### ASSIGNMENT
Please return the data that follows precisely as written, but without the images.

### RECORDED INFORMATION

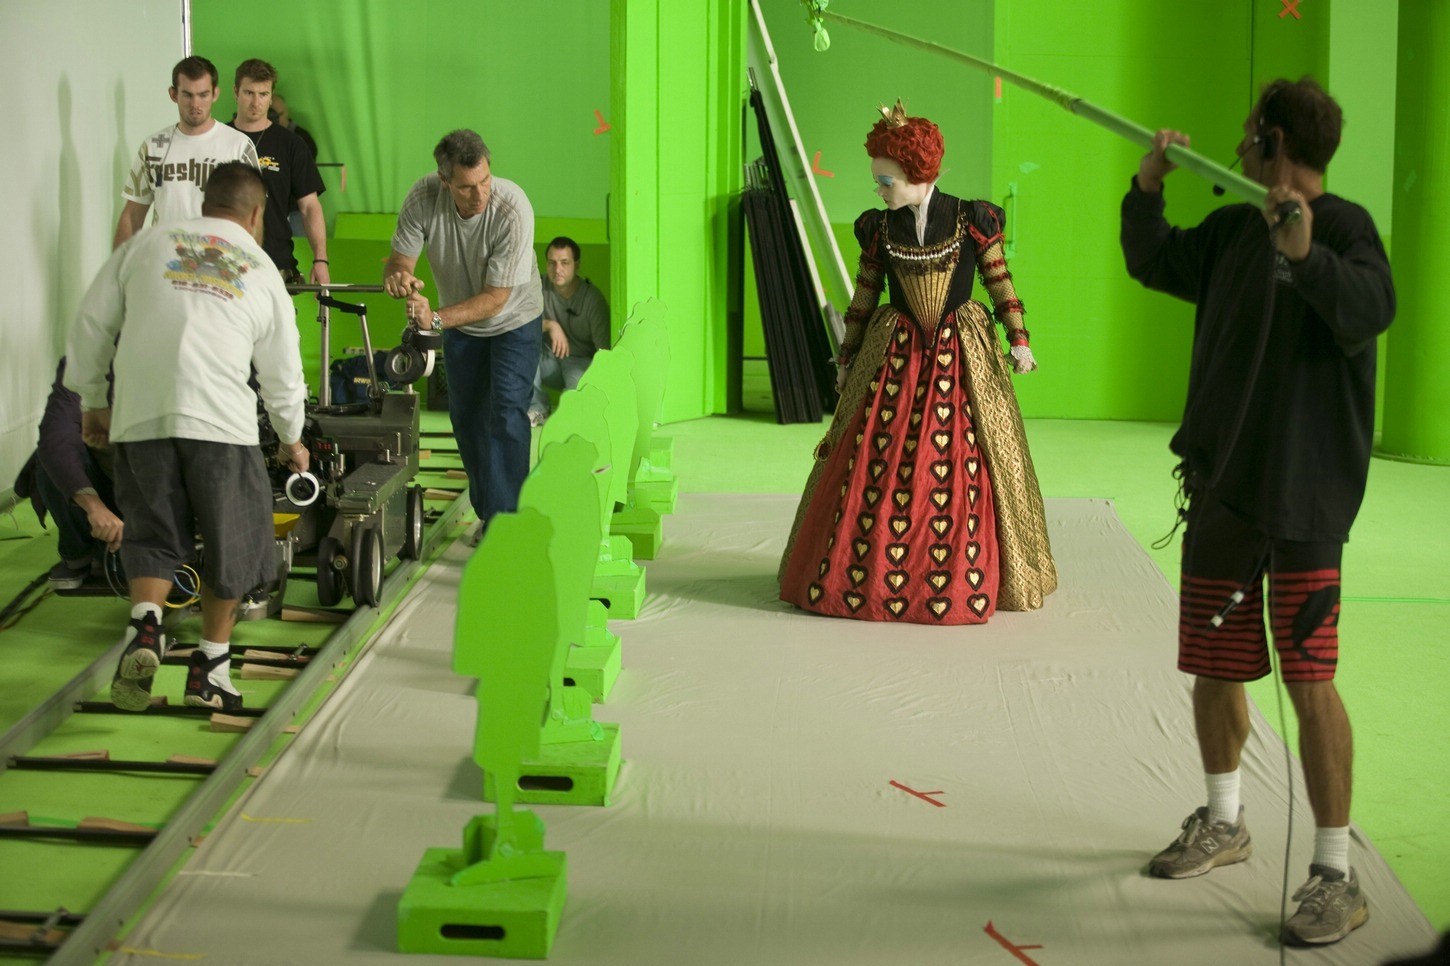 The Red Queen in Alice in Wonderland (2010) Behind the Scenes
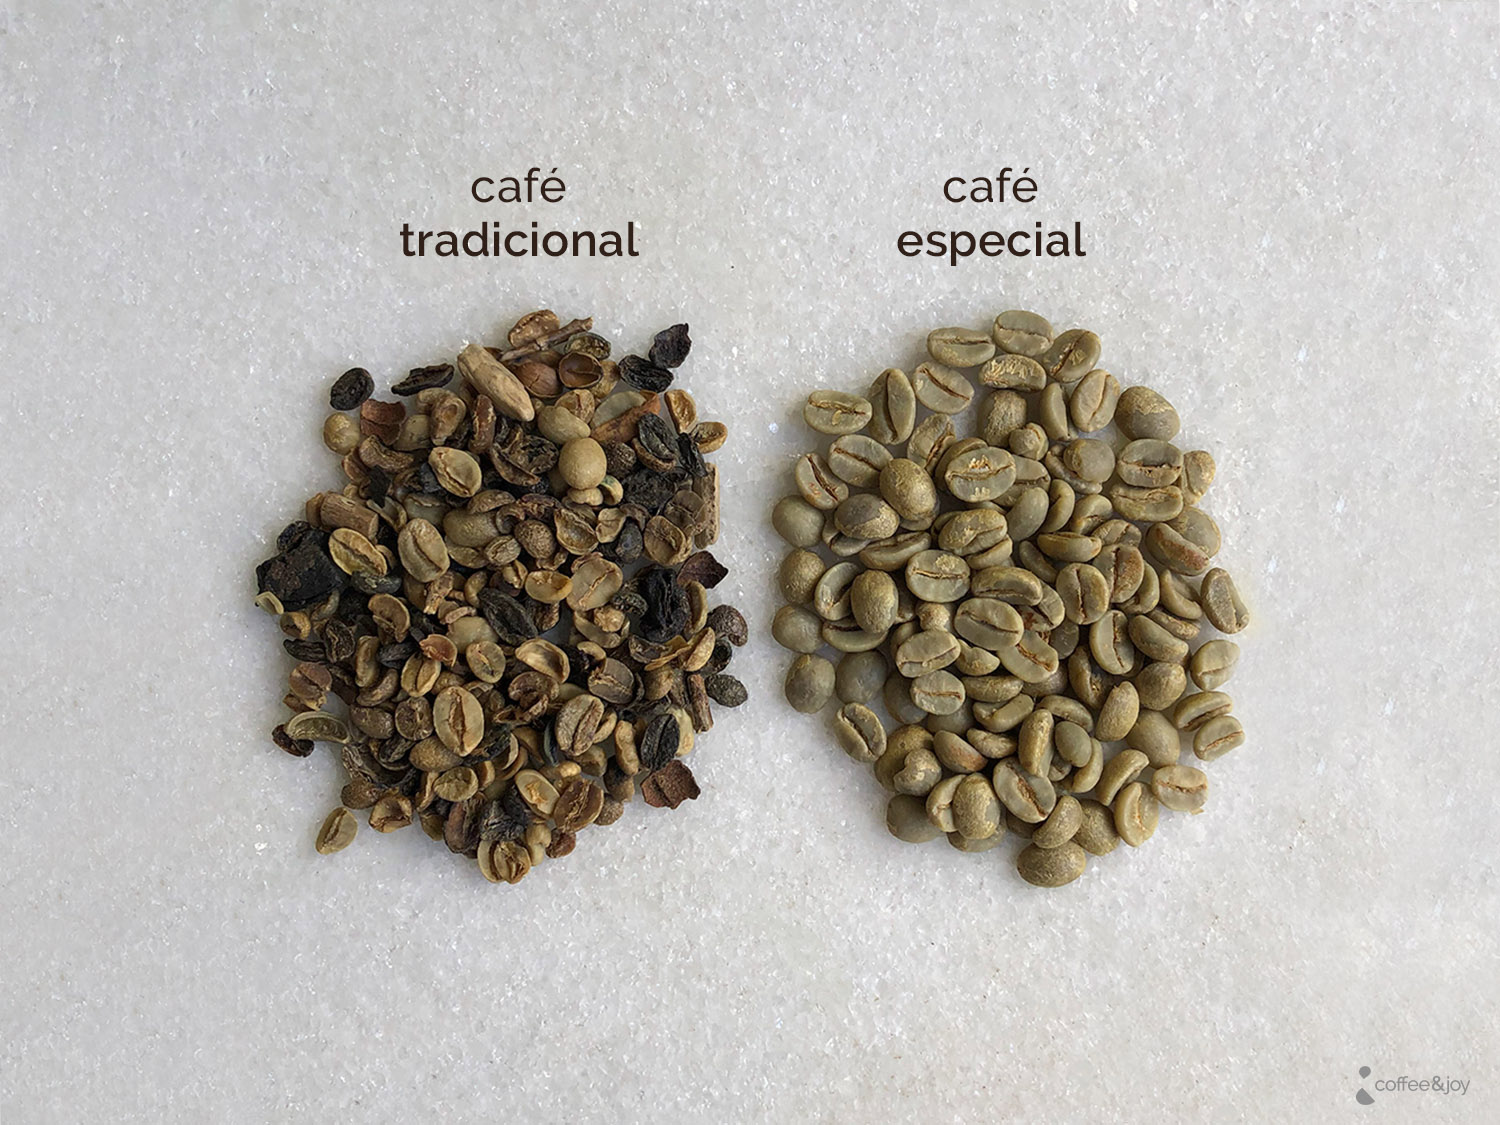 Grãos secos de café arábica (coffea arábica) e conilon (coffea
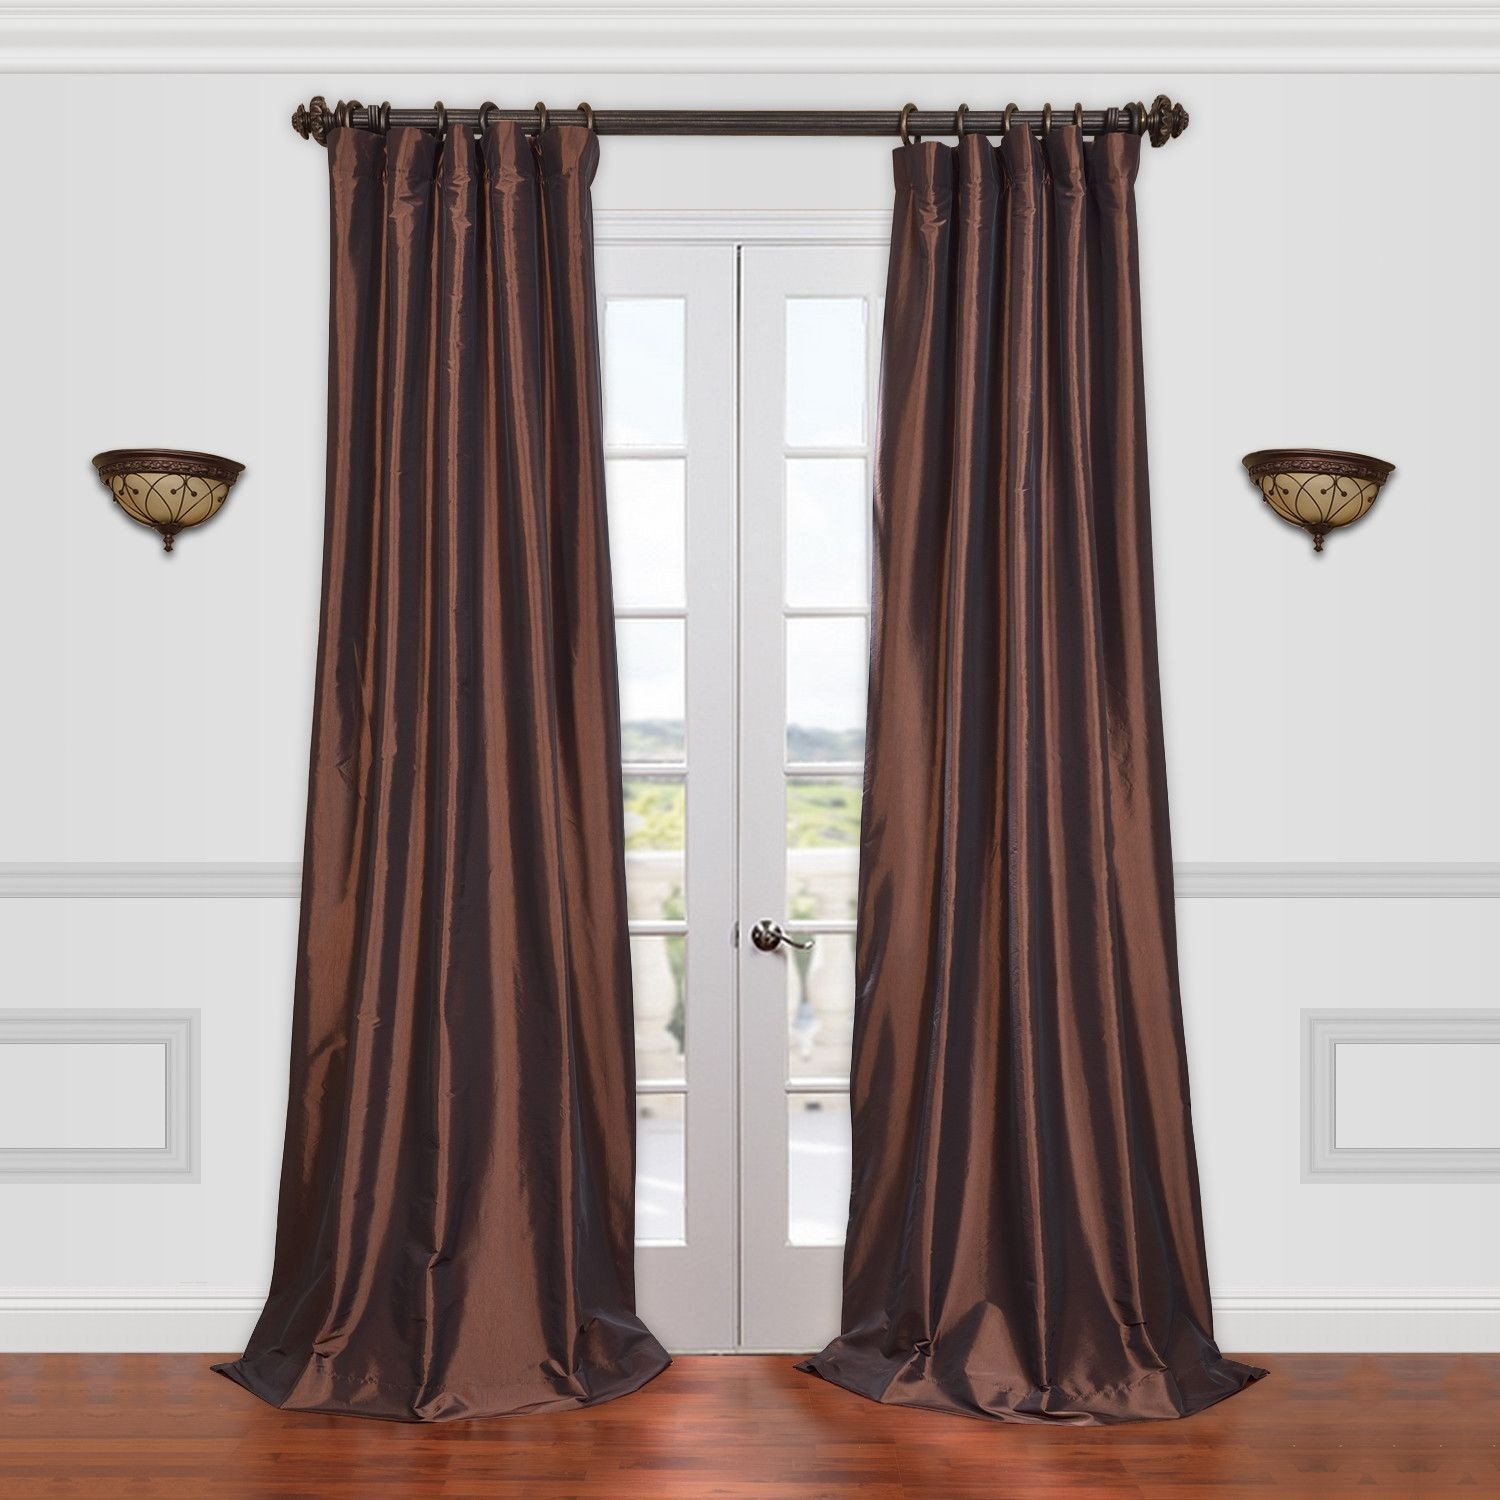 Orange faux silk curtains

### SOLVED PROBLEM
 The Red Queen in Alice in Wonderland (2010) Behind the Scenes
 Grãos secos de café arábica (coffea arábica) e conilon (coffea
 Orange faux silk curtains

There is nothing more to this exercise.